Showdown builds as legislators move to make Department of Defense manage industrial compensation deals with foreigners
A new showdown on US defence trade policy is building in the US Congress, fuelled by a growing backlash over offset requirements.
Opposition to the industrial compensation deals often imposed on US defence companies by foreign customers has become a bipartisan issue, with US Senator Christopher Dodd, a Democrat, and Representatives Duncan Hunter and Henry Hyde, both Republicans, pursuing separate strategies for reform.
Dodd's proposal, filed as an amendment to the fiscal 2005 defence authorisation bill, would require the US Department of Defense (DoD) to create and manage an industrial offset policy for the first time. Under Dodd's legislation, the USA would require an offset package from an offshore company that is equivalent to the offset requirement in its home country.
The full text of the legislation had not been introduced into the bill as Flight International went to press.

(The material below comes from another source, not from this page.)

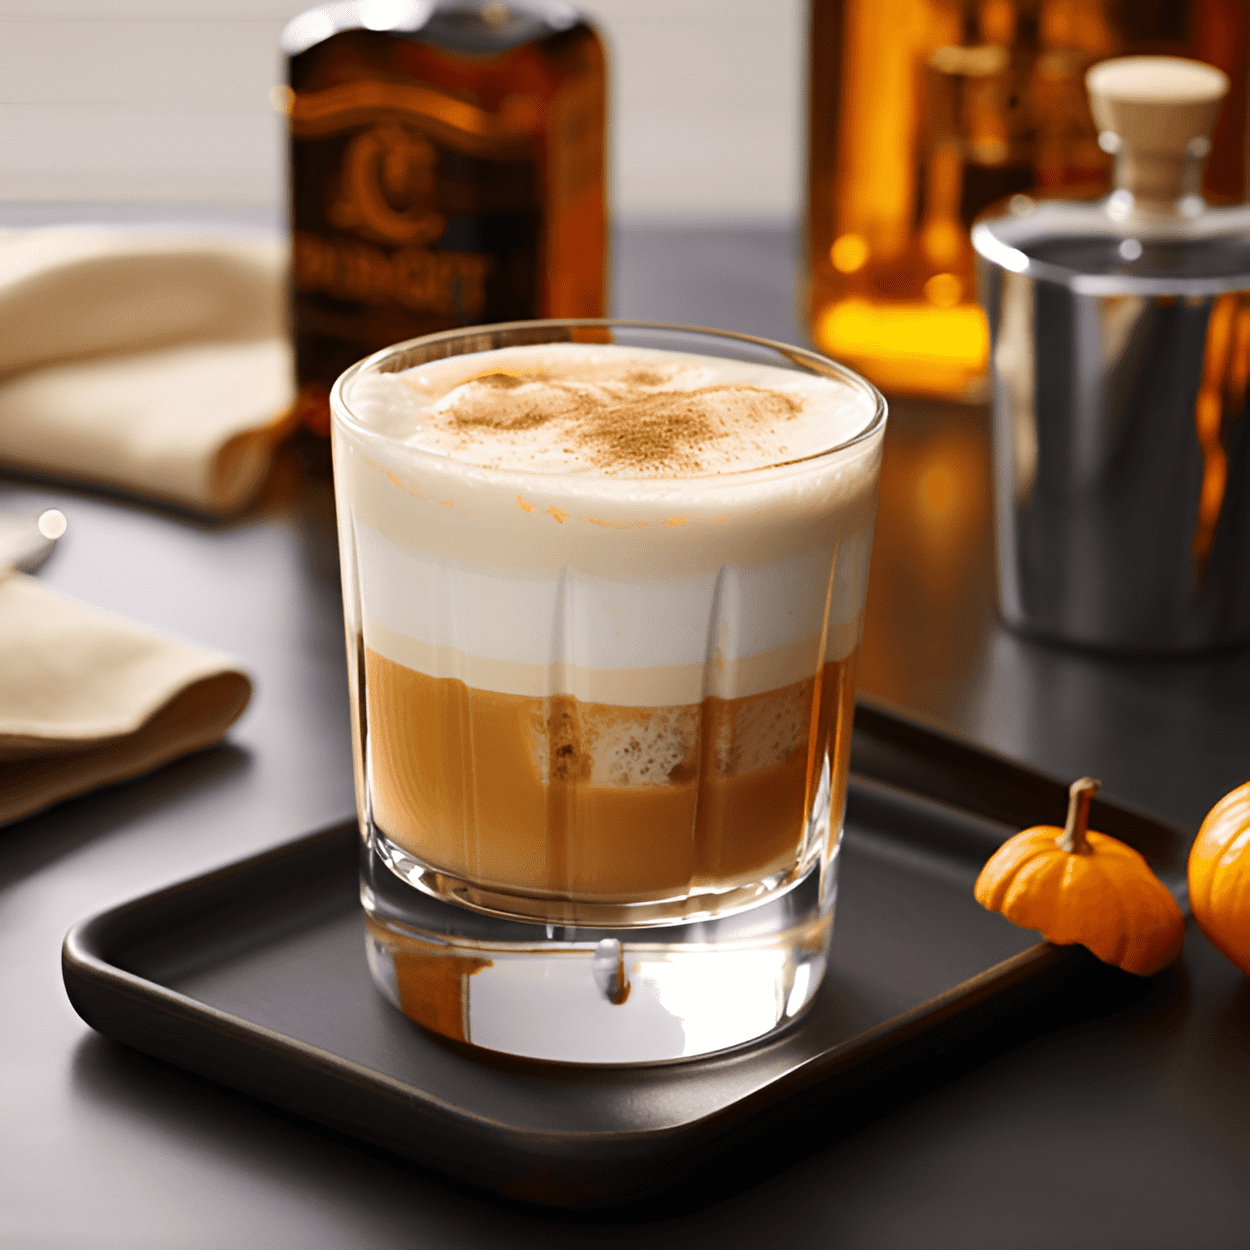 Pumpkin Spice White Russian Cocktail Recipe - The Pumpkin Spice White Russian is creamy, sweet, and slightly spicy. The vodka provides a strong base, the coffee liqueur adds depth and sweetness, and the pumpkin spice creamer gives it a warm, spicy kick.

Meanwhile, the House of Representatives has overwhelmingly passed a version of the defence authorisation bill. It includes anti-offset language introduced by Hunter, who led an unsuccessful campaign last year to raise the "Buy American" threshold on US military procurement programmes.
Hunter's proposal, called "defence trade reciprocity", is also championed by Hyde, chairman of the House Foreign Relations Committee. The measure would punish countries that impose offsets on US contractors, barring the DoD from buying equipment and services in countries with existing offset deals.
Both strategies in the House and Senate are widely seen as spin-offs of last year's failed "Buy American" proposal, but are now set against the backdrop of a national election and a so-called "jobless recovery" of the US economy.
The proposals are at odds with Bush administration trade policies and are also opposed by the Aerospace Industries Association.